- Born: 6 March 1916 Sydney, New South Wales, Australia
- Died: 18 February 1976 (aged 59) Melbourne, Victoria, Australia
- Career
- Station(s): 2UE, 2GB, 3AW
- Style: talk

= Ormsby Wilkins =

Australian radio presenter

Ormsby Cecil Wilkins (6 March 1916 - 18 February 1976) was an Australian radio presenter.

He is most notable for being the first person in Australia to take talkback calls when the format was made legal in 1967.

==Career==
Wilkins' career began with the United States Information Service where he worked for a number of years before moving into journalism in 1949. Initially working for The Daily Mirror, he went on to work for The Daily Telegraph and The Argus.

Wilkins made the move to radio in 1963. Throughout his career, Wilkins worked at 2UE and 2GB in Sydney and Melbourne's 3AW.

Various attempts at talkback radio in Australia had occurred, dating back to 2BL's experiment in 1925. Stations 3AK and 2UW had also both tried it in 1963. However, every attempt was quickly abandoned due to strict broadcasting and telecommunications regulations stipulating that the broadcast of telephone conversations on radio was illegal. Just after midnight on 17 April 1967, Wilkins took the first legal talkback calls on Australian radio after the restrictions were lifted.

One of the most notable moments of his radio career came in 1974. During a phone interview with Russell Kelner, the operations manager of the Jewish Defense League, agents from the FBI suddenly stormed into Kelner's office in New York to conduct a raid and placed him under arrest. The commotion of the raid and the arrest of Kelner was clearly audible over the telephone line with Kelner telling Wilkins: "We are in a raid right now by the FBI. I have to hang up. We are all under arrest." The arrest came after death threats were levelled against Palestinian leader Yasser Arafat.

In August 1975, Wilkins used his 2GB program to describe Australian businesswoman Junie Morosi as an "immoral adventuress who has slept with a variety of notable politicians". This prompted Morosi to launch legal action against 2GB and Wilkins. She was awarded $10,000 in damages after it was found Wilkins had deliberately imputed Morosi as an undesirable, immoral and promiscuous woman who had misconducted herself with her employer.

Wilkins enjoyed an amicable relationship with the Jewish community in Australia who held him in high regard.

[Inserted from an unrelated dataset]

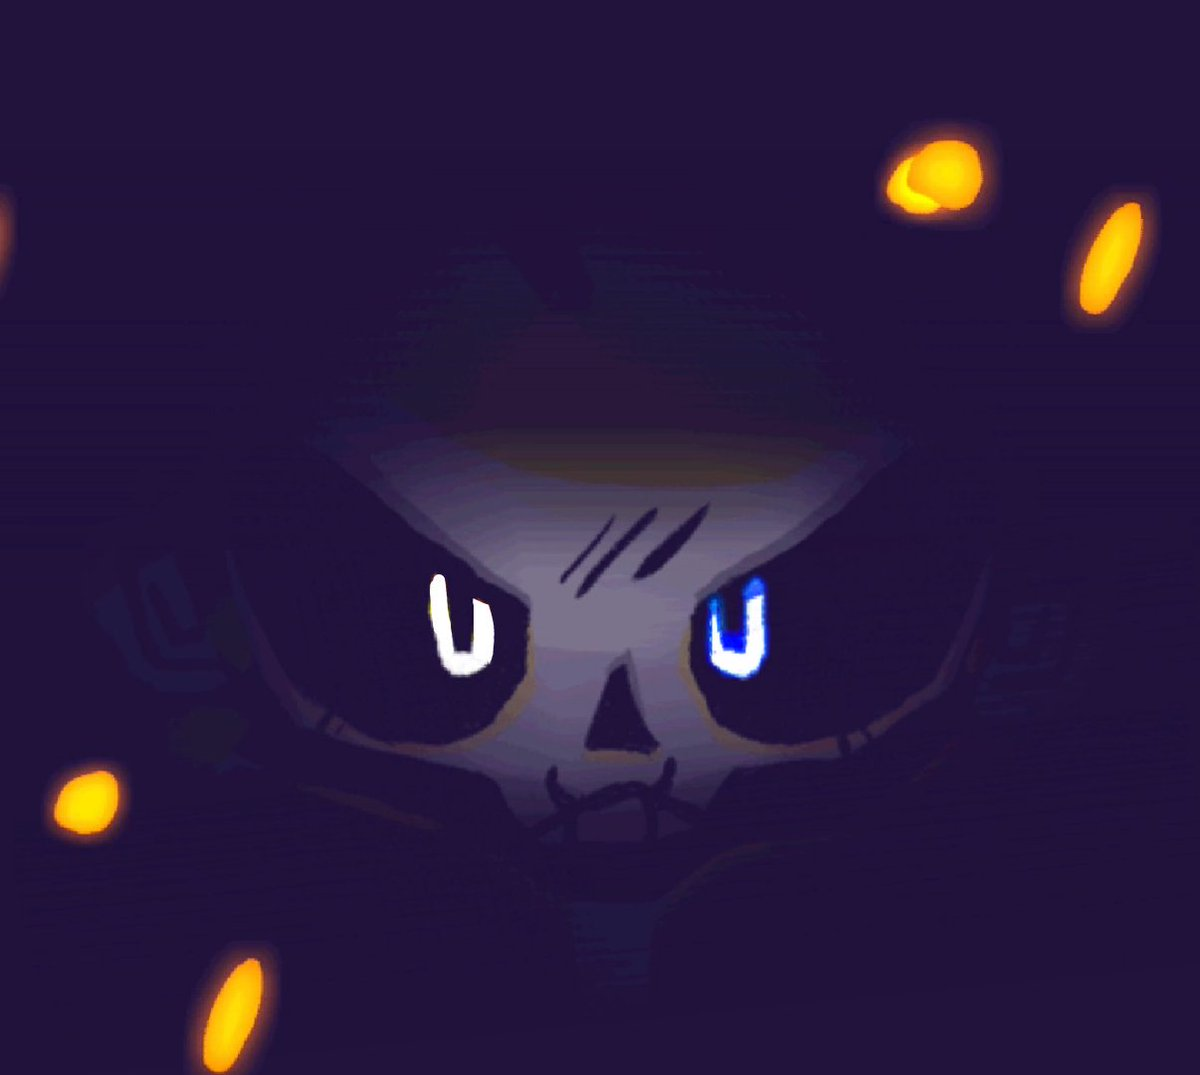 Ninja Kiwi Games on Twitter:

He was regularly invited to speak at various functions.

Wilkins was outspoken on a number of issues. He openly criticised organisations such as the Melbourne Club for their policy not to admit Jews.

He criticised the Federal Government's decision to allow South Africa to send an all-white football team to Australia for the 1971 South Africa rugby union tour of Australia. He described Australia's international image being vulnerable due to the White Australia policy and the poor treatment of Indigenous Australians.

==Death==
Ormsby Wilkins died at the age of 59 on 19 February 1976 of the lung cancer for which he had undergone an operation in November 1975.